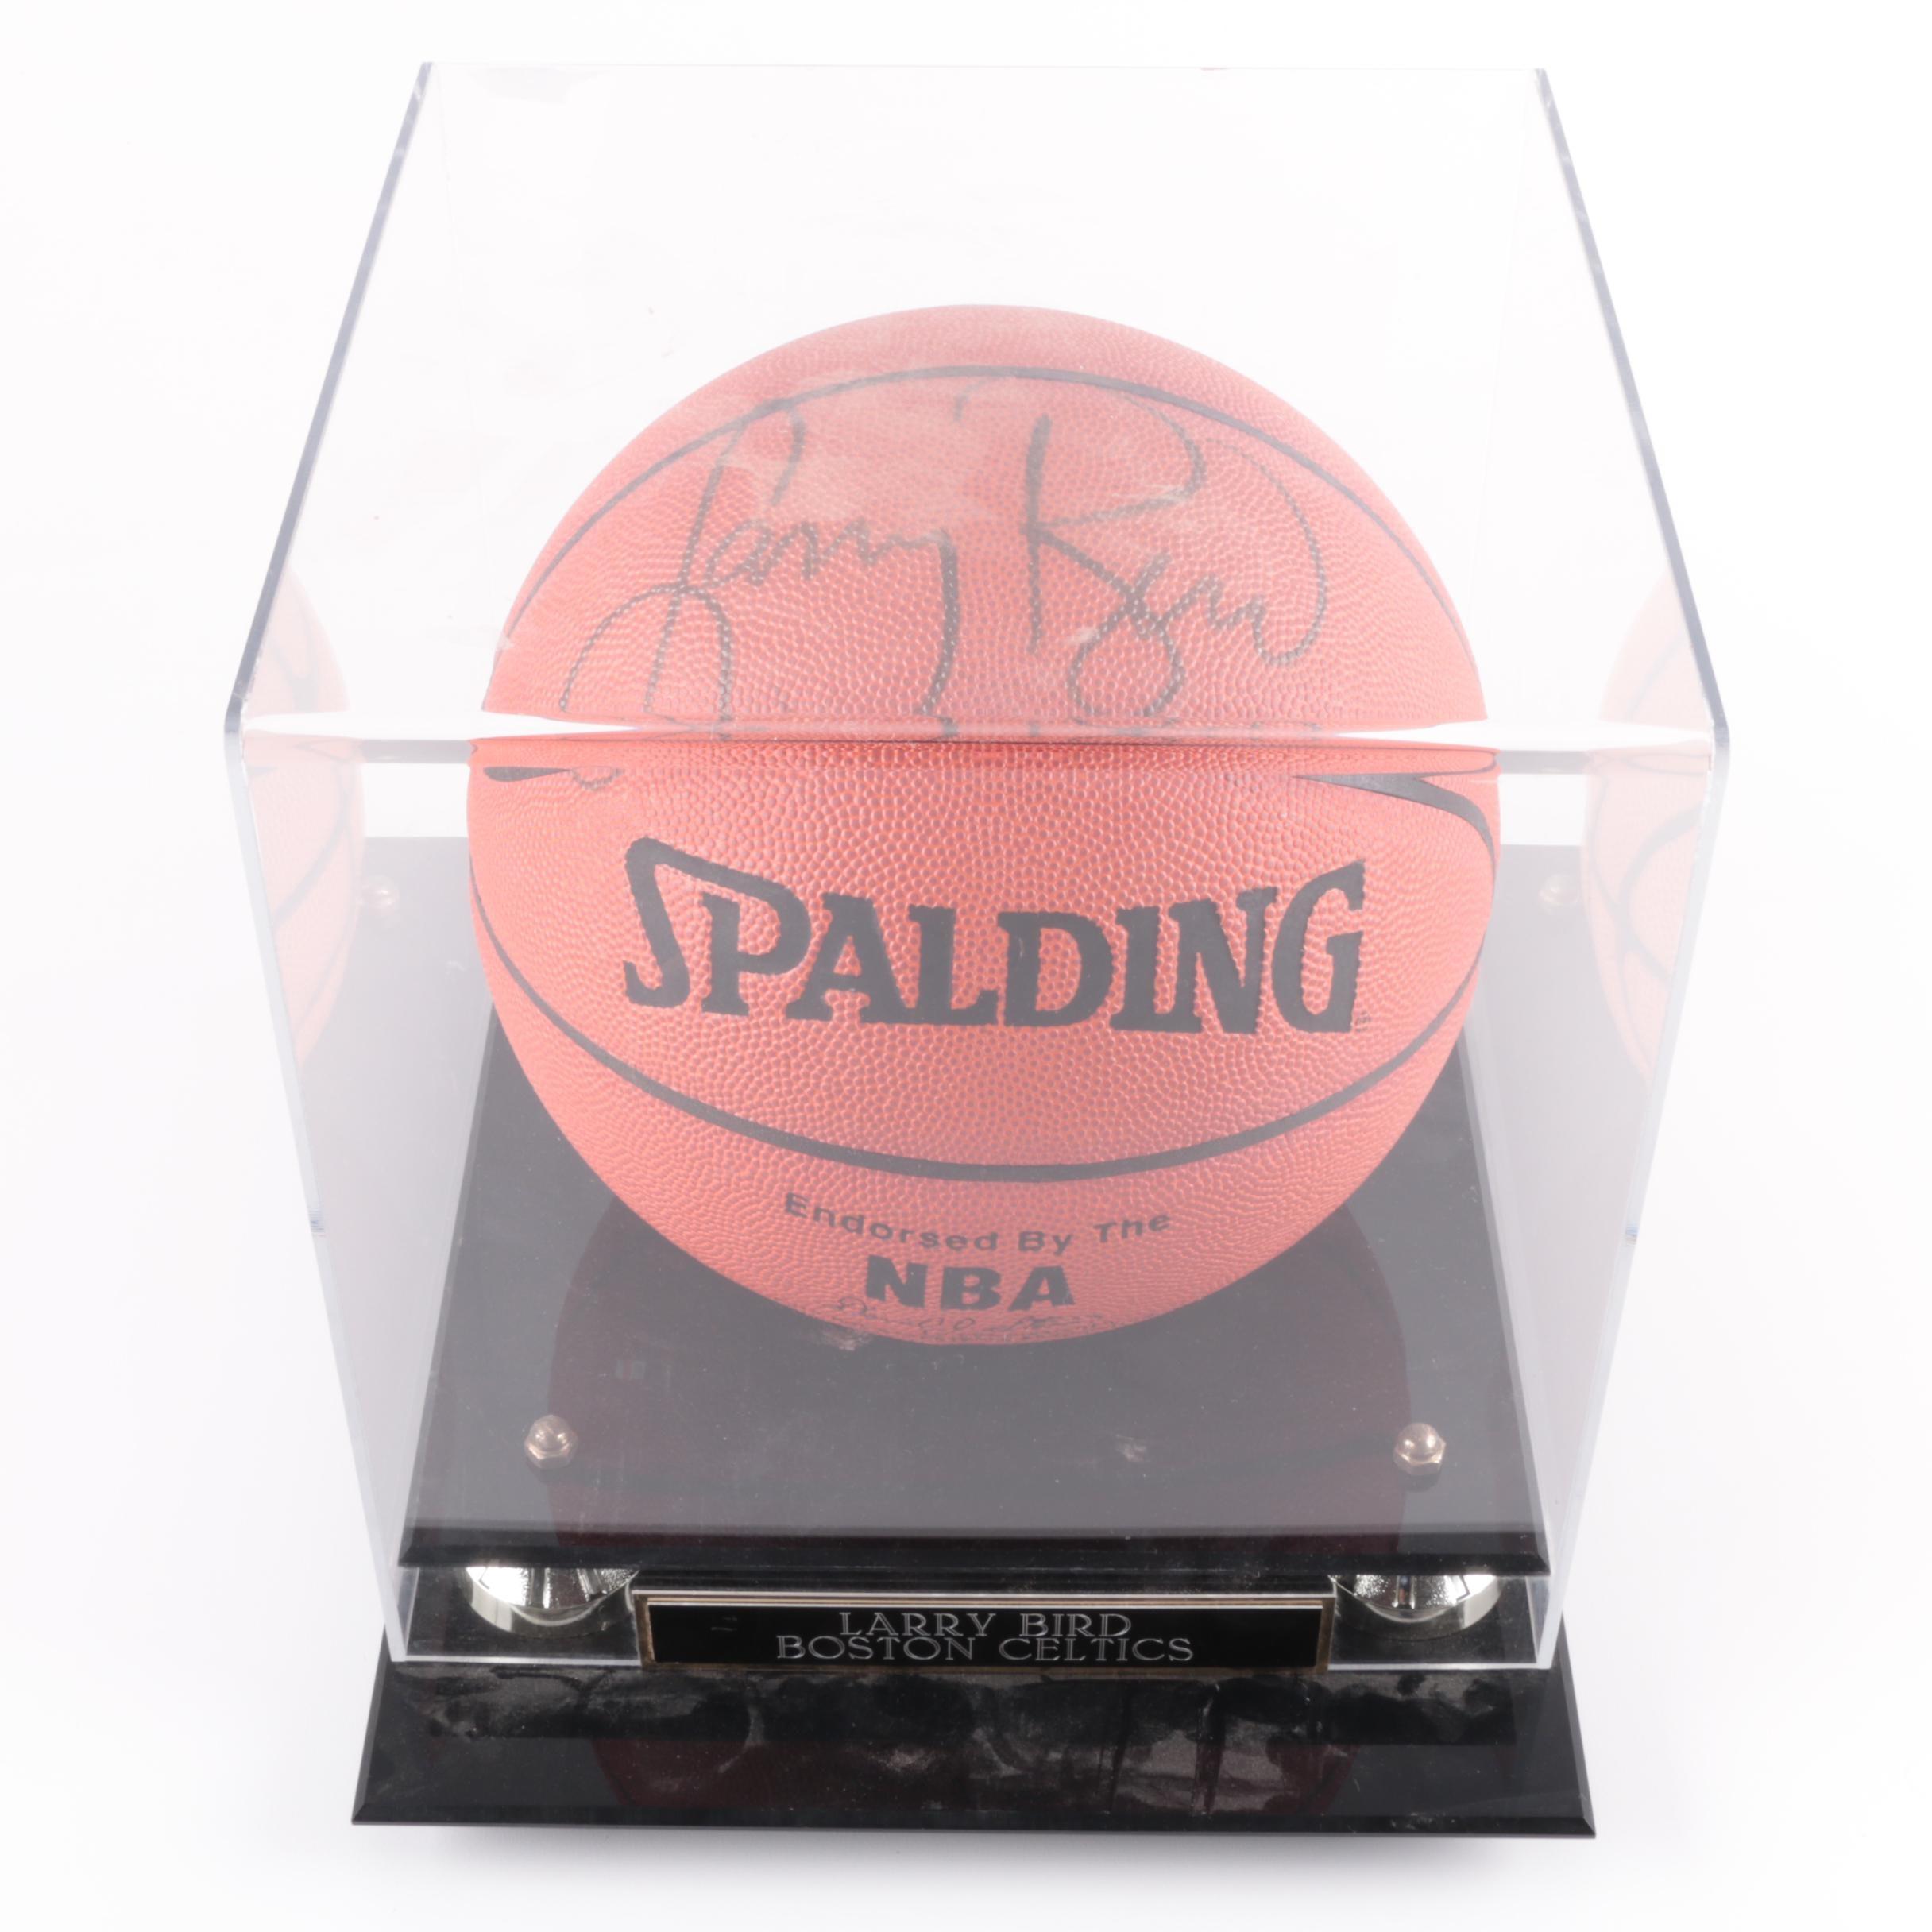 Larry Bird Autographed Basketball - JSA LOA
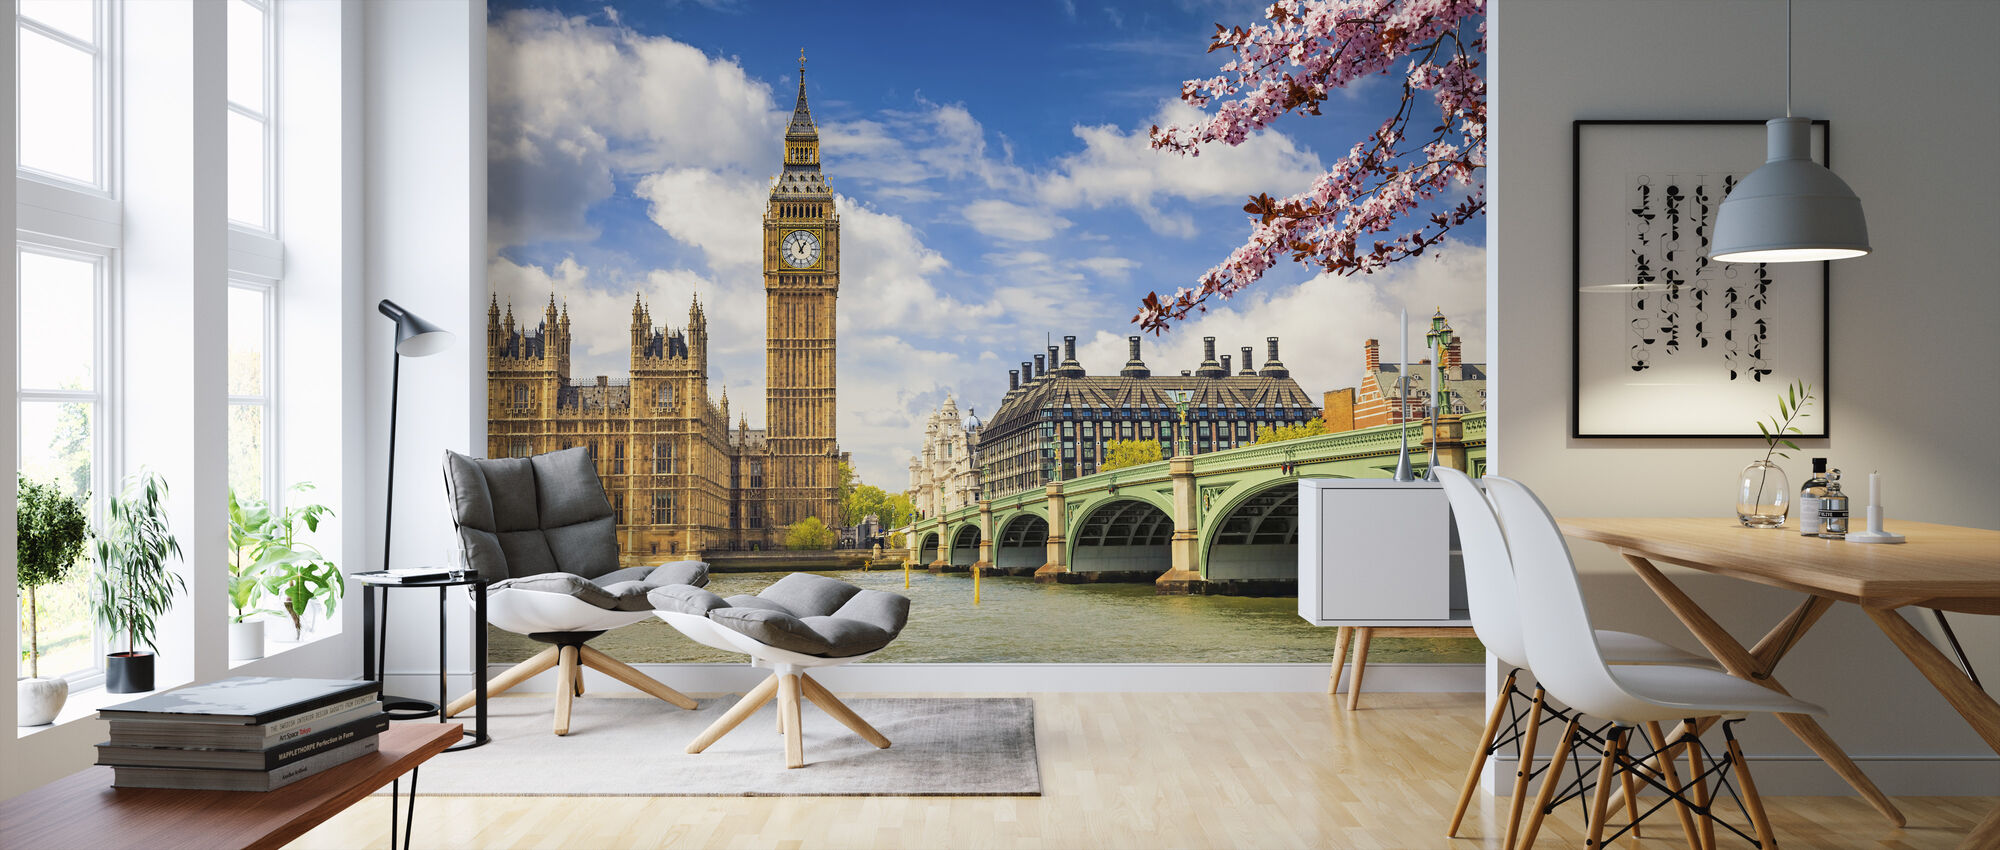 Big Ben - Wallpaper - Living Room
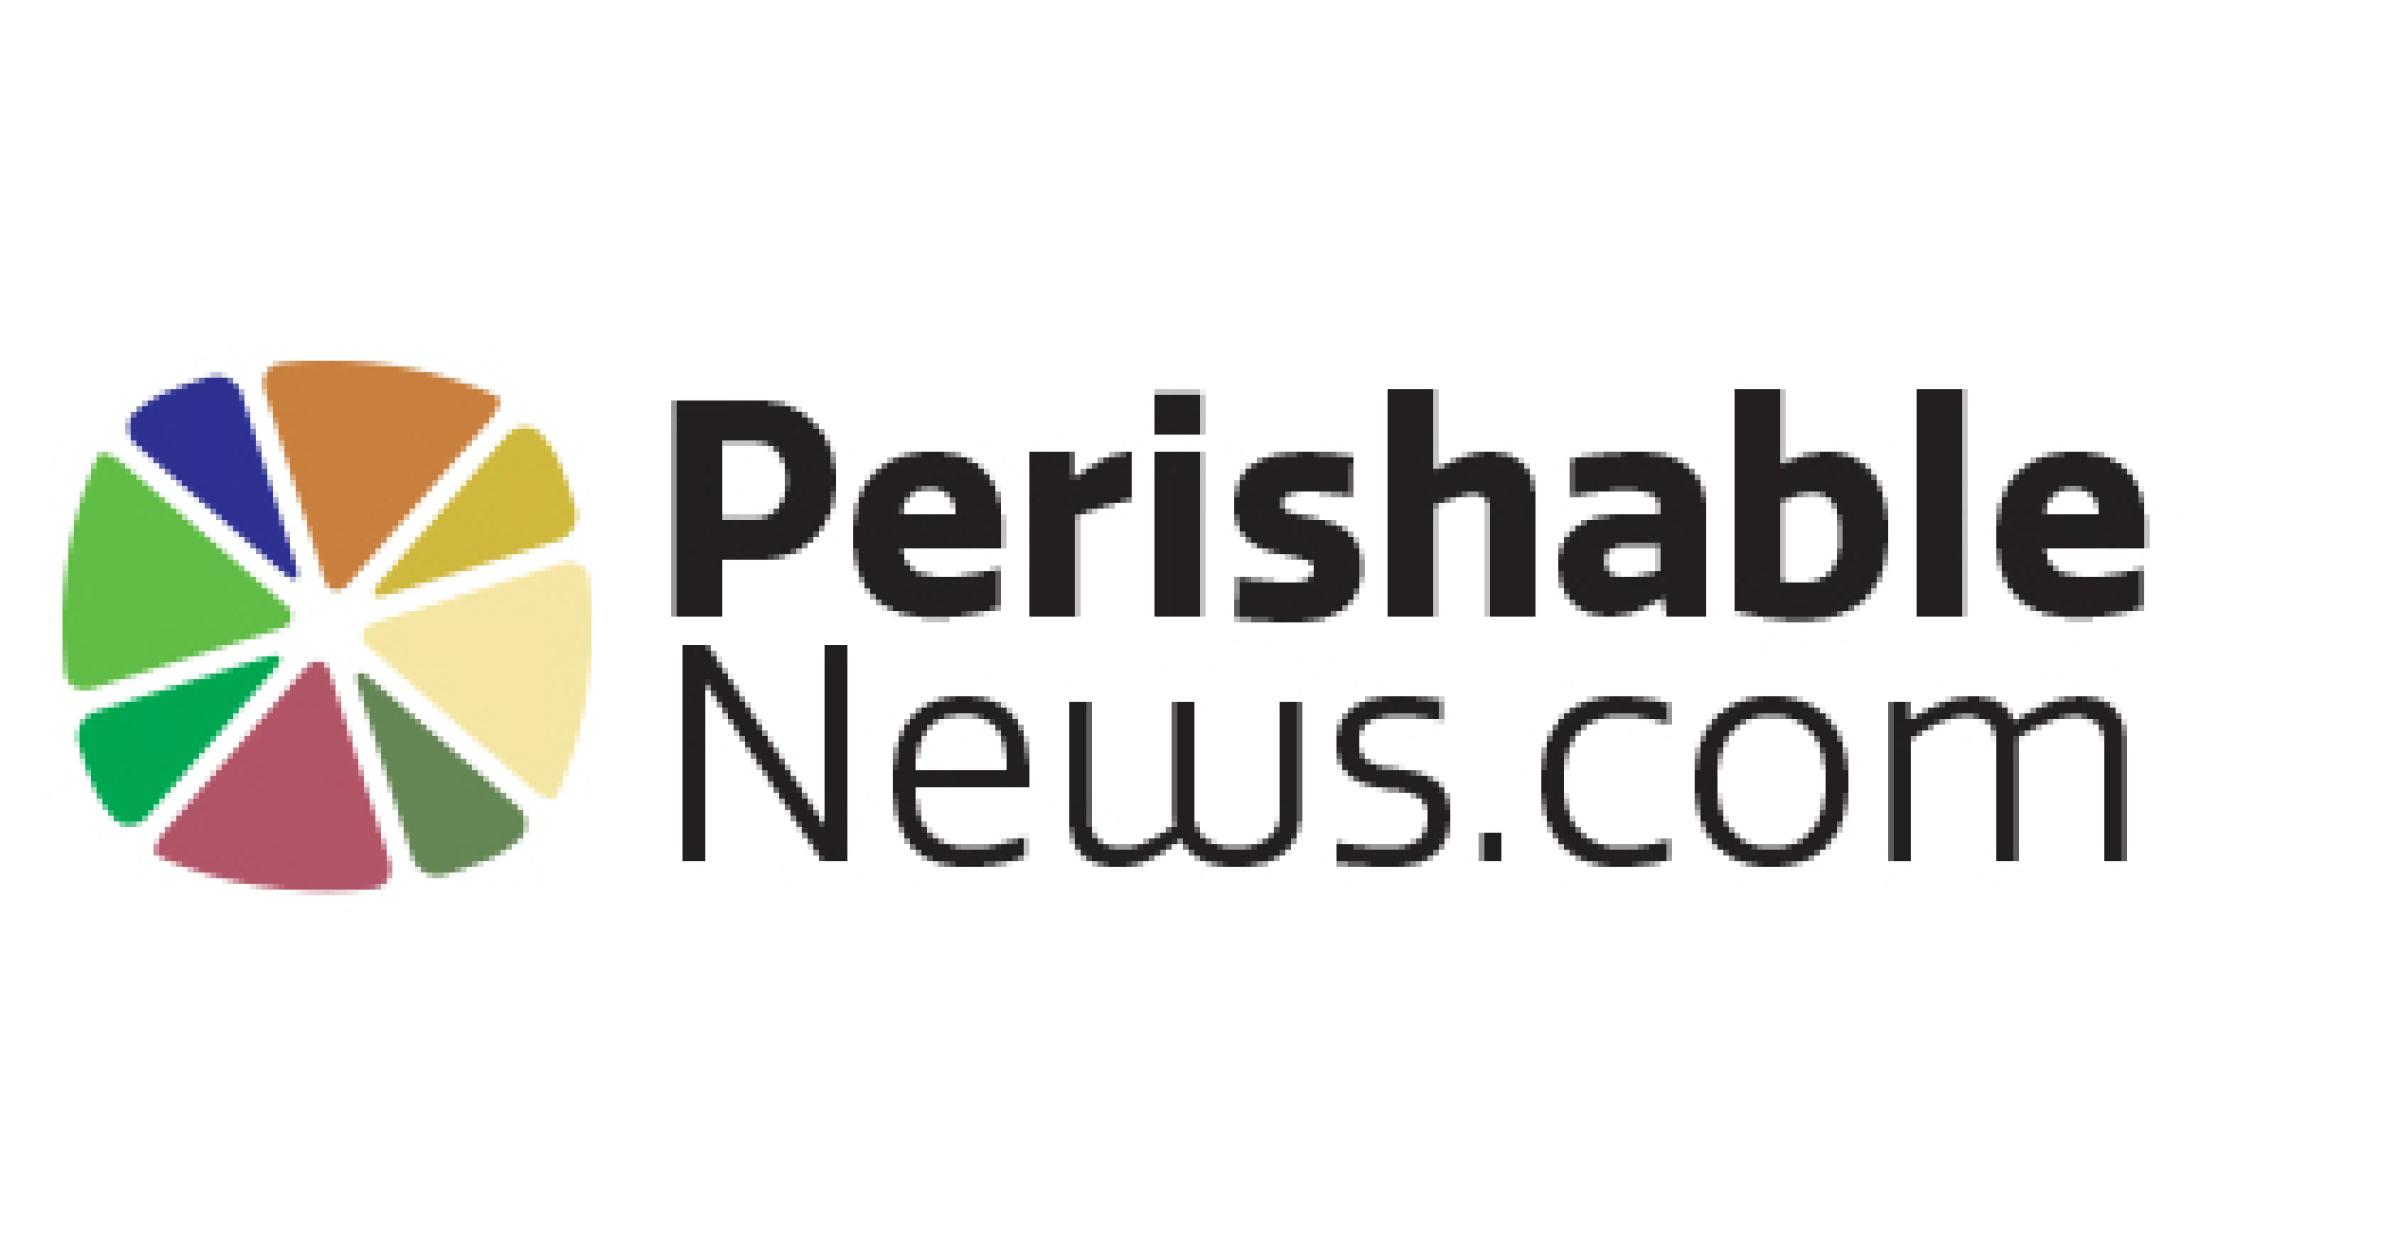 New Seasons Market Partners with Afresh, Bringing FresherProduceto Consumers

EXERCISE BRIEF =
Would you please write out exactly the lines between the line containing "Big Ben - Wallpaper - Living Room" and the last line of the listing above, inclusive, without pictures?

PROBLEM SOLUTION =
 Big Ben - Wallpaper - Living Room
 New Seasons Market Partners with Afresh, Bringing FresherProduceto Consumers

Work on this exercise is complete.